* **DESCRIPTION OF THE TASK**
Exactly as written, return all the data, leaving its pictures behind.

* **RAW DATA**

● ● ● ● ● ● ●

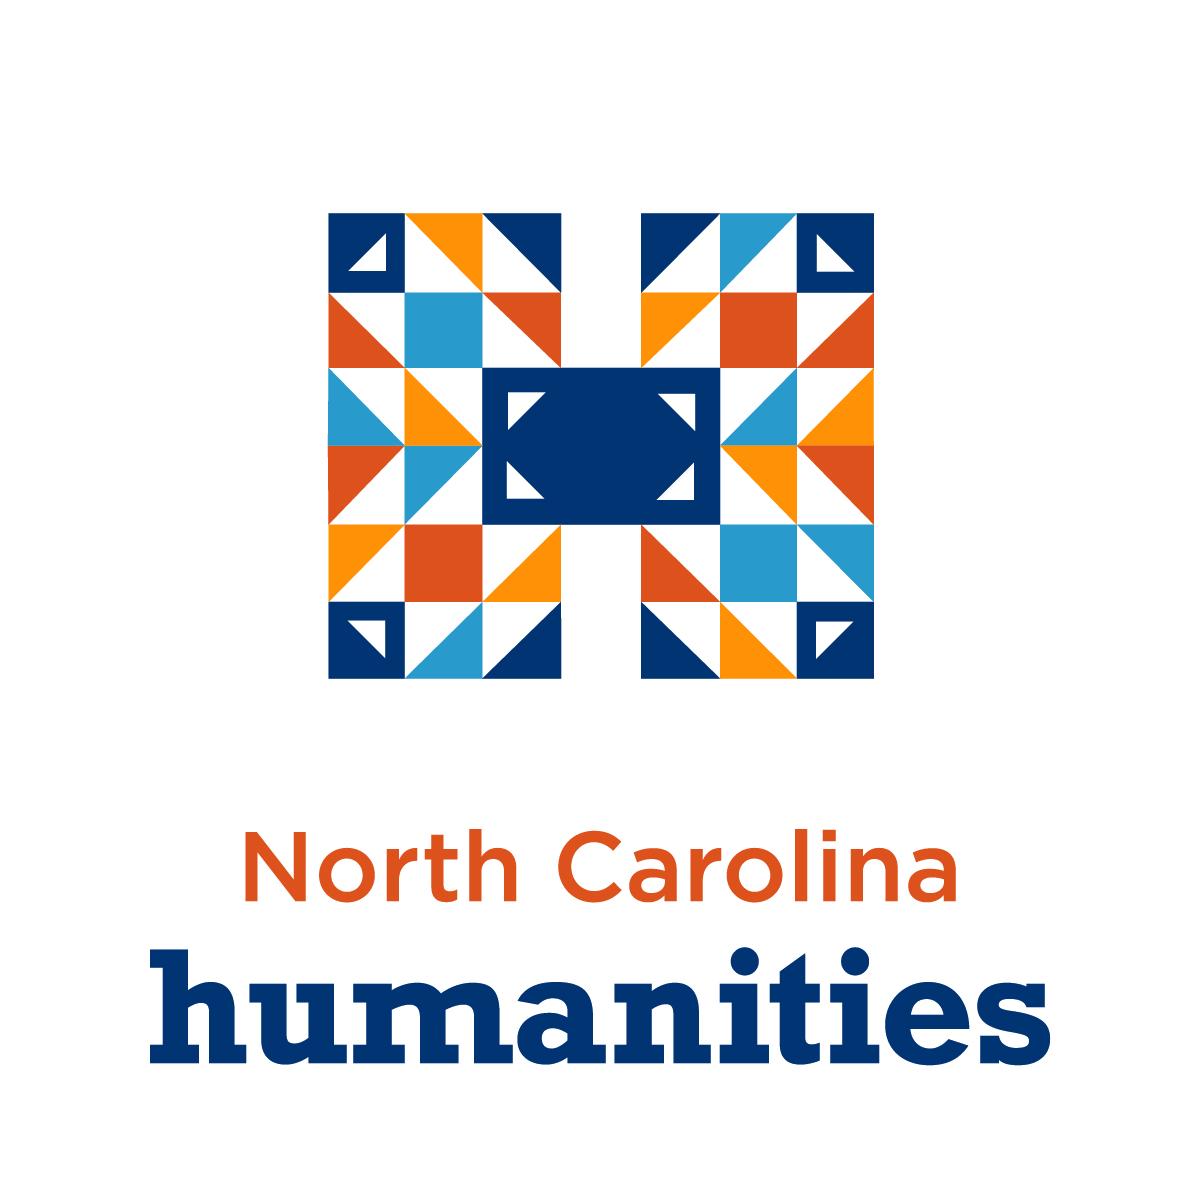 logo for the North Carolina Humanities
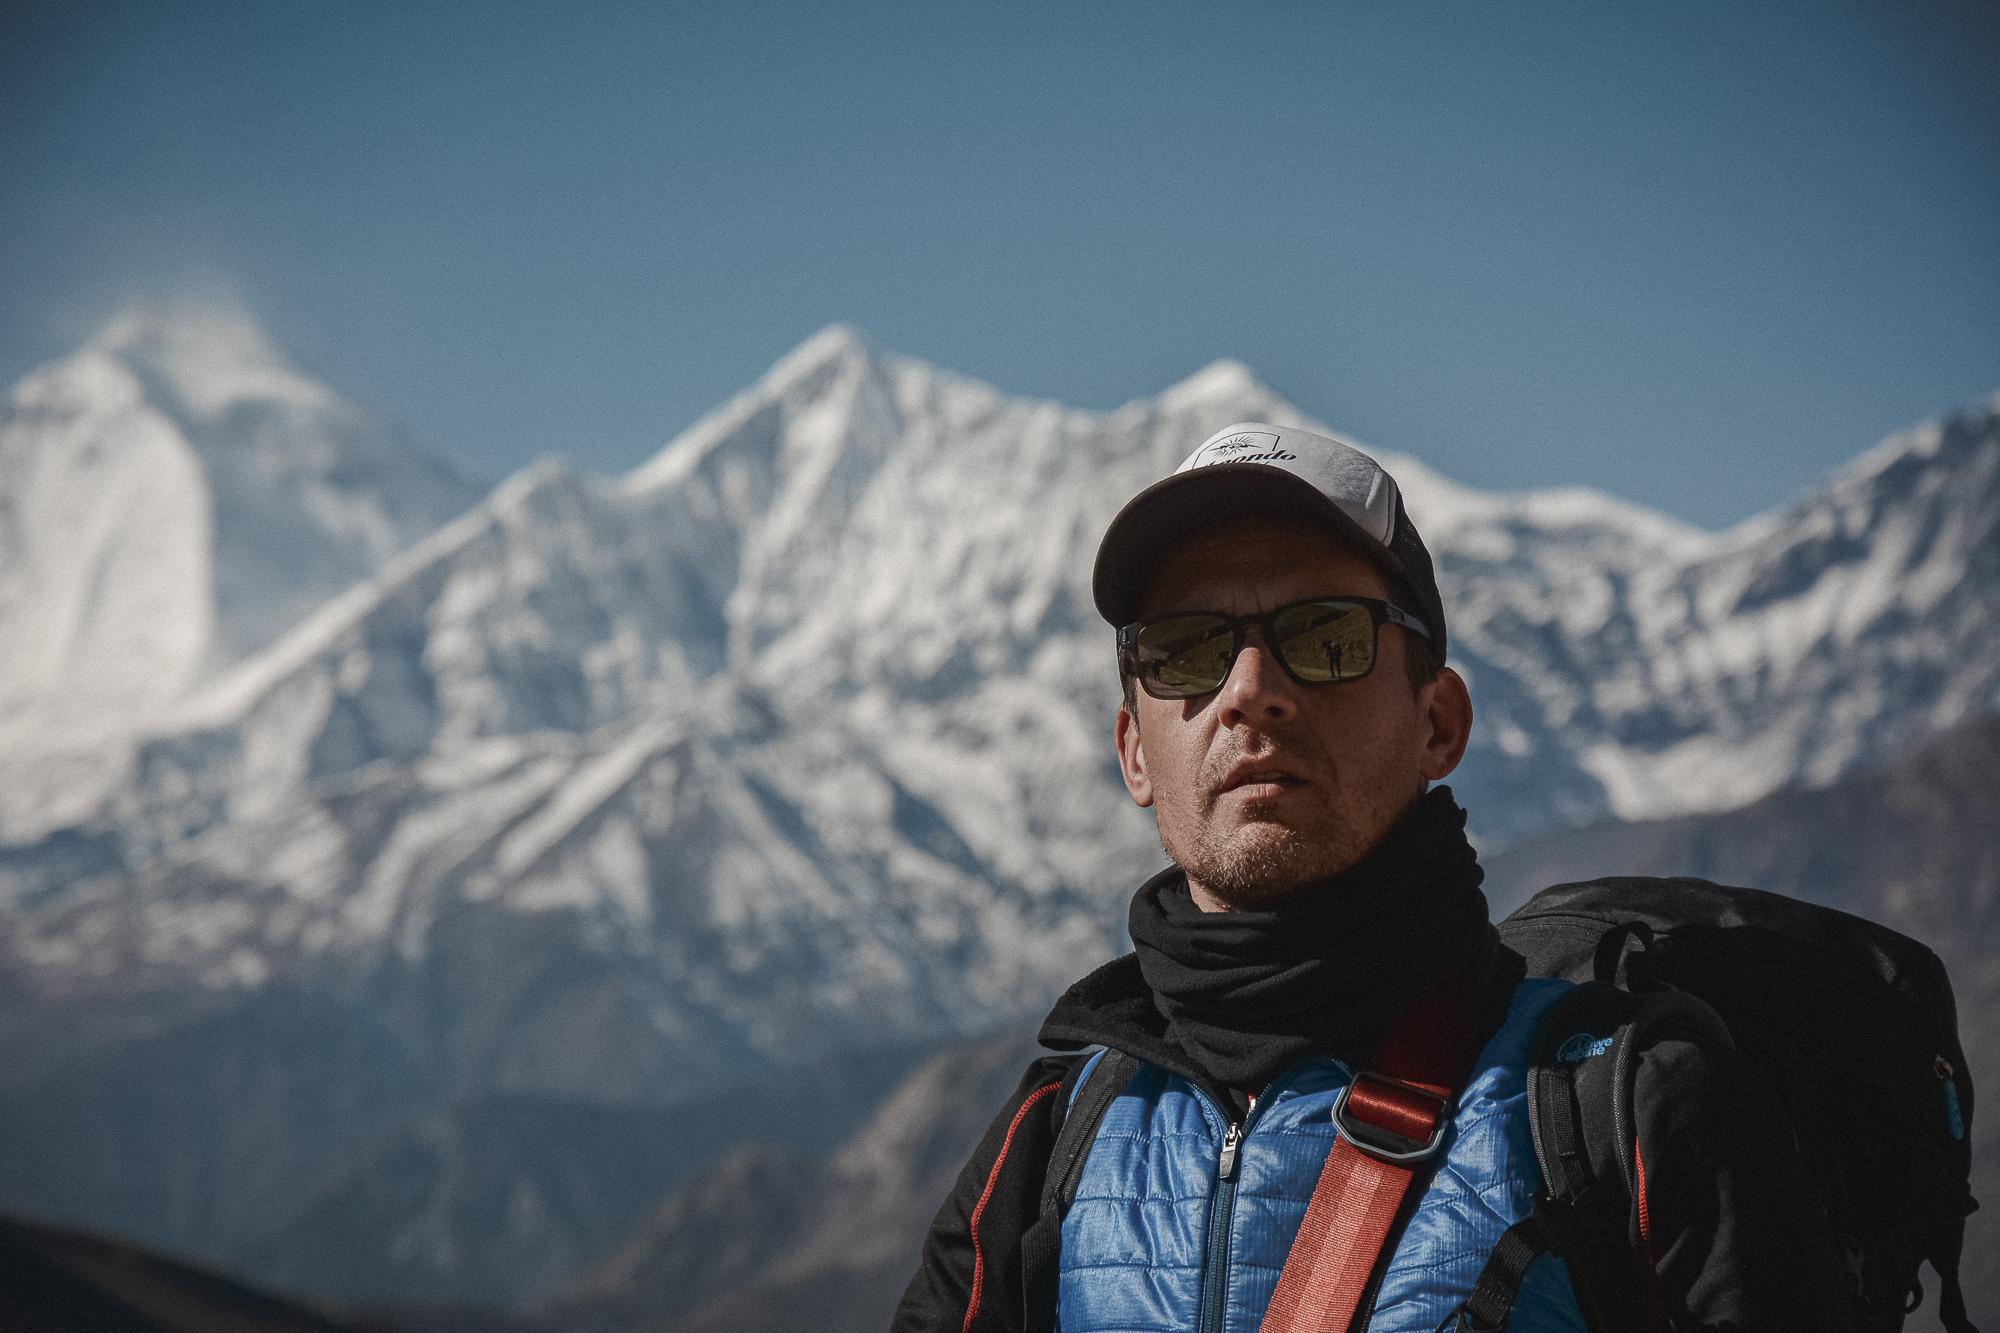 Nepal_Anap_Titelbild_Harry Bellach
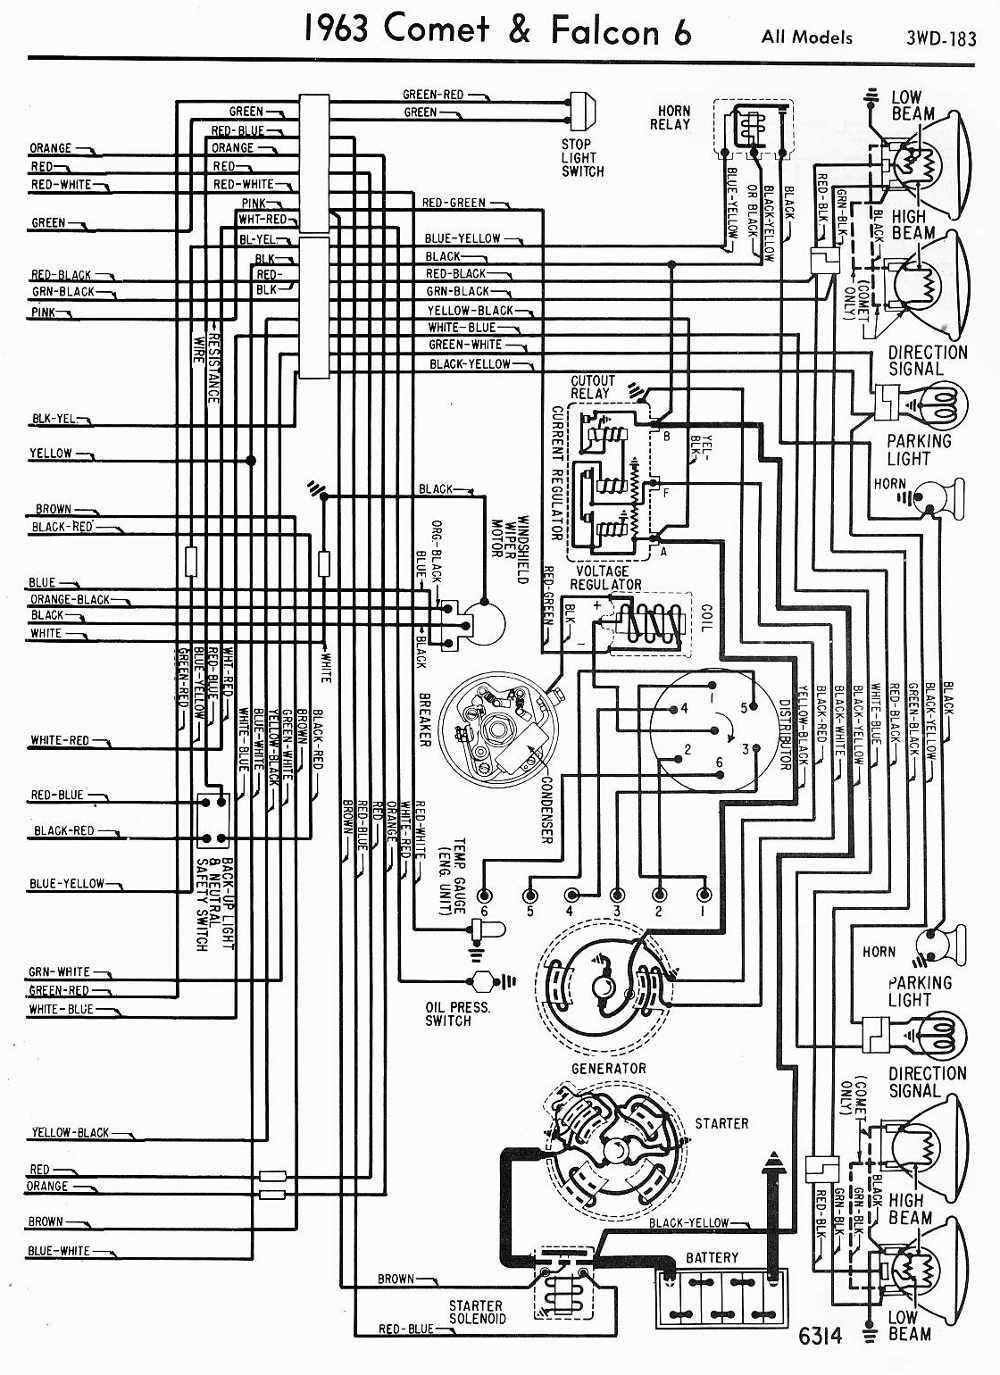 Diagram Ford Falcon Fg Wiring Diagram Full Version Hd Quality Wiring Diagram Diagramplumbersl Barbieri23 It

● ● ● ● ● ● ●

* **EXERCISE SOLUTION**
 logo for the North Carolina Humanities
 Nepal_Anap_Titelbild_Harry Bellach
 Diagram Ford Falcon Fg Wiring Diagram Full Version Hd Quality Wiring Diagram Diagramplumbersl Barbieri23 It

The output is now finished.